İyi bir Ateistin cehenneme, kötü bir Müslümanın ise cennete gitmesi adaletsizlik değil mi? – Mesken
Ara
Close this search box.

İyi bir Ateistin cehenneme, kötü bir Müslümanın ise cennete gitmesi adaletsizlik değil mi?

Adaletten bahsetmek için hükmün verilmiş olması gerekir, fakat şu ana kadar insanlara herhangi bir hüküm verildiğini görmedik. Ayrıca, soruda “iyi bir ateistin cehenneme gideceği” ve “kötü bir Müslümanın cennete gideceği” gibi kesin hükümler belirtilmiş, fakat dini açıdan bu iki durumun aynı kesinlikte olmadığını söylememiz gerekir. Bu konuya daha detaylı olarak yazımızın devamında değineceğiz.

Ama şunu rahatlıkla söyleyebilirim ki, Müslümanların işi Müslüman olmayanlara göre daha zor. Çünkü daha fazla bilgiye sahip oldukları için daha fazla mesuliyetleri olduklarını ve bu dünya sınavında daha fazla soruya muhatap olacaklarını belirtmemiz gerekiyor.

Bir örnek vermek istiyorum: Siz bir sınav yaptığınızda, ilkokul öğrencisine mi yoksa üniversite öğrencisine mi daha zor sorular sorarsınız? Elbette üniversite öğrencisine daha zor ve daha fazla soru sorarsınız. İşte Müslümanların durumu da aynı şekilde, Müslüman olmayan ve İslam’dan habersiz olanlara göre daha zorlu olabilir. Müslüman olmayanların veya İslam’dan habersiz olanların durumu ve sorumluluklarıyla ilgili olarak, ileride daha detaylı bir şekilde ifade edeceğiz.

Öncelikle soruda bahsedilen “iyi bir ateist” ifadesi üzerinde biraz düşünelim.

Bir şeyin iyi ya da kötü olarak değerlendirilmesi, amacına uygun kullanımıyla ve hedefine ulaşmasıyla ilgilidir. Bu fikri bir örnek üzerinden açıklayalım: Bulaşık makinesi.

İyi bir bulaşık makinesi, temizlik amacıyla tasarlanmıştır.
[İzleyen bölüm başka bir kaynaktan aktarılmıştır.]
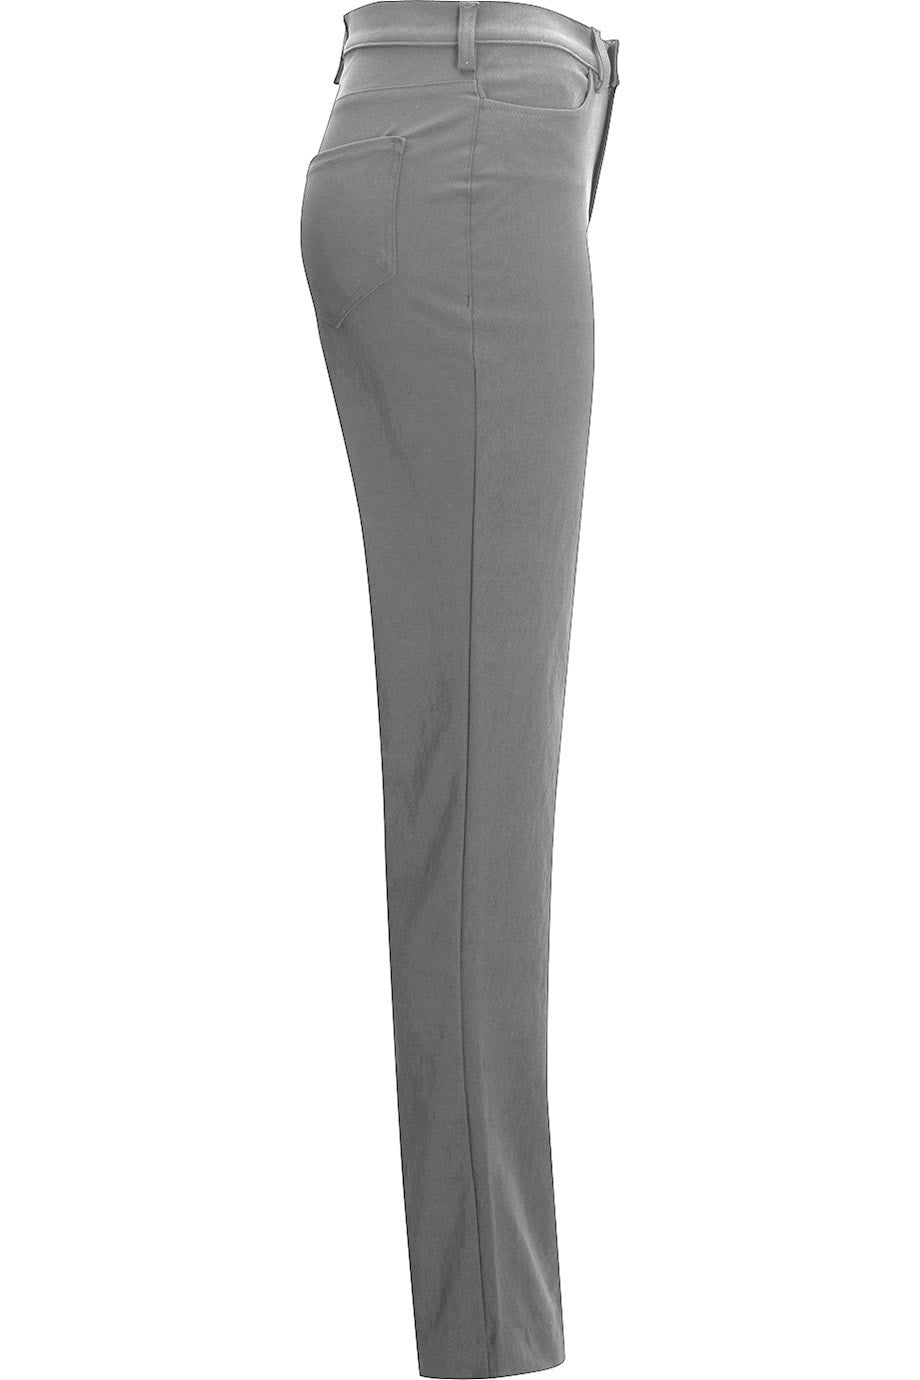 Women's Flex Chino Pant, Grey
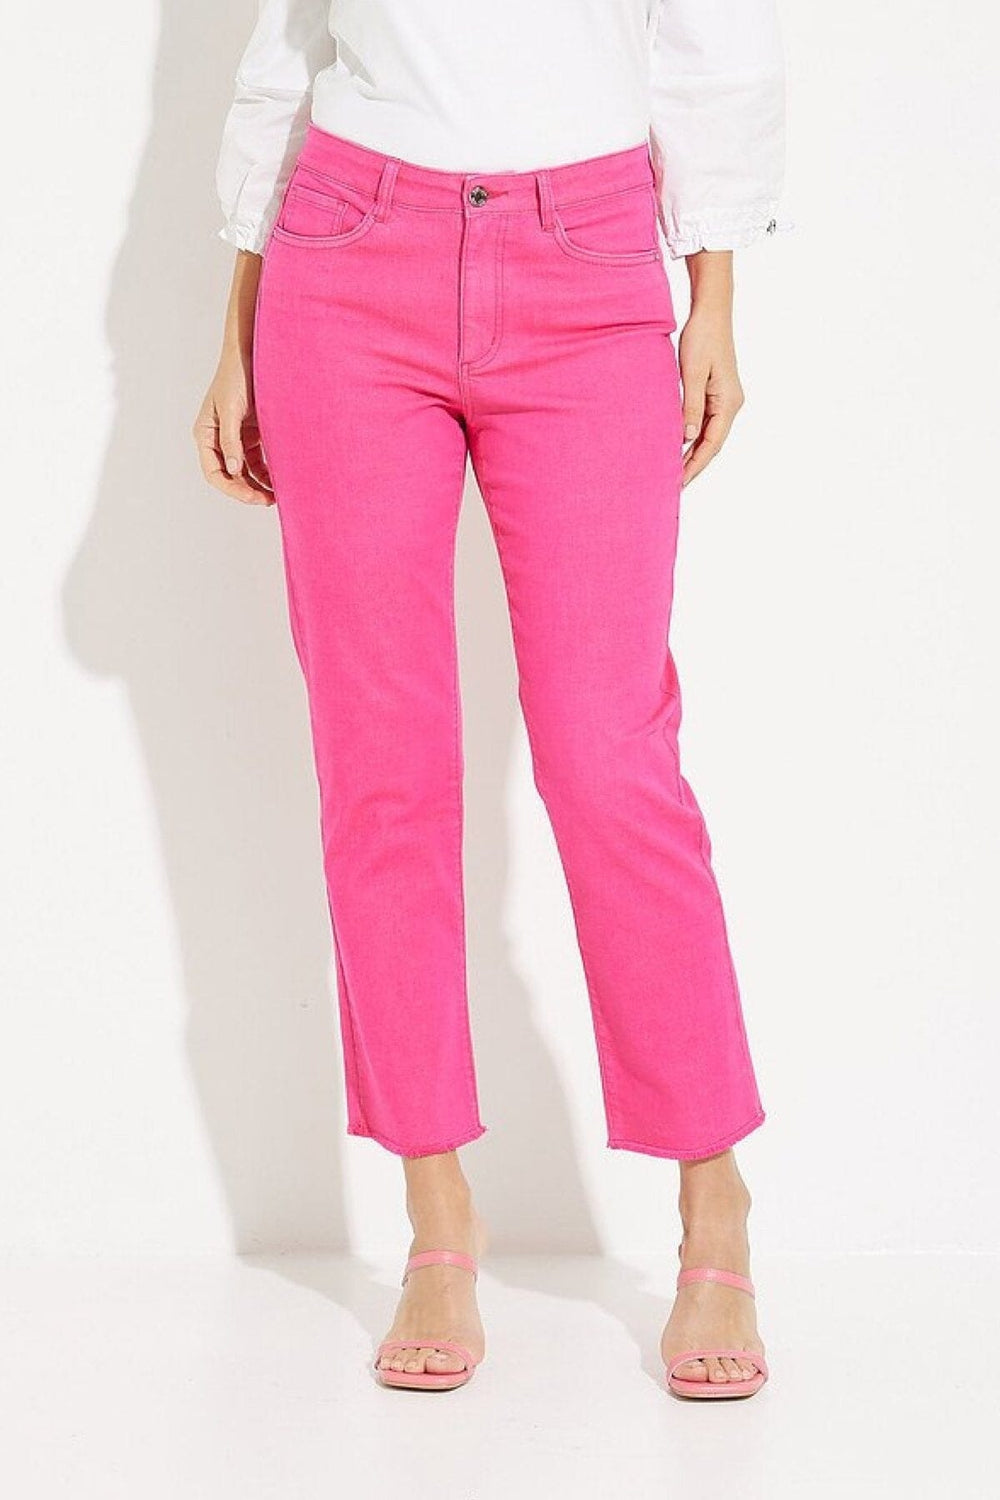 Pantalon modèle jean Femme - Bas - Pantalon - Jeans Joseph Ribkoff

Dolayısıyla, başarılı bir bulaşık makinesi, bulaşıkları temiz ve parlak bir şekilde yıkayabilmelidir. Bu, onun amacına uygun şekilde çalıştığını ve başarılı bir performans sergilediğini gösterir. Ancak aynı bulaşık makinesi, ütü yapma özelliğine sahip olmadığı için kötü bir bulaşık makinesi olarak değerlendirilemez. Çünkü ütü yapmak, bulaşık makinesinin amacı veya işlevi değildir.

İnsanın da yaratılış amacı hakkında konuşacak olursak, Kur’an-ı Kerim’de açık bir şekilde ifade edilir ki, Rabbimiz insanların ve cinlerin sadece kendisine ibadet etmek için yaratıldığını bildirir. Yani, insanın temel varoluş amacı Allah’a kulluk etmek ve O’na yönelmektir. İnsanın “iyi” veya “kötü” olarak değerlendirilmesi de, bu yaratılış amacına ne kadar uygun davrandığına bağlıdır.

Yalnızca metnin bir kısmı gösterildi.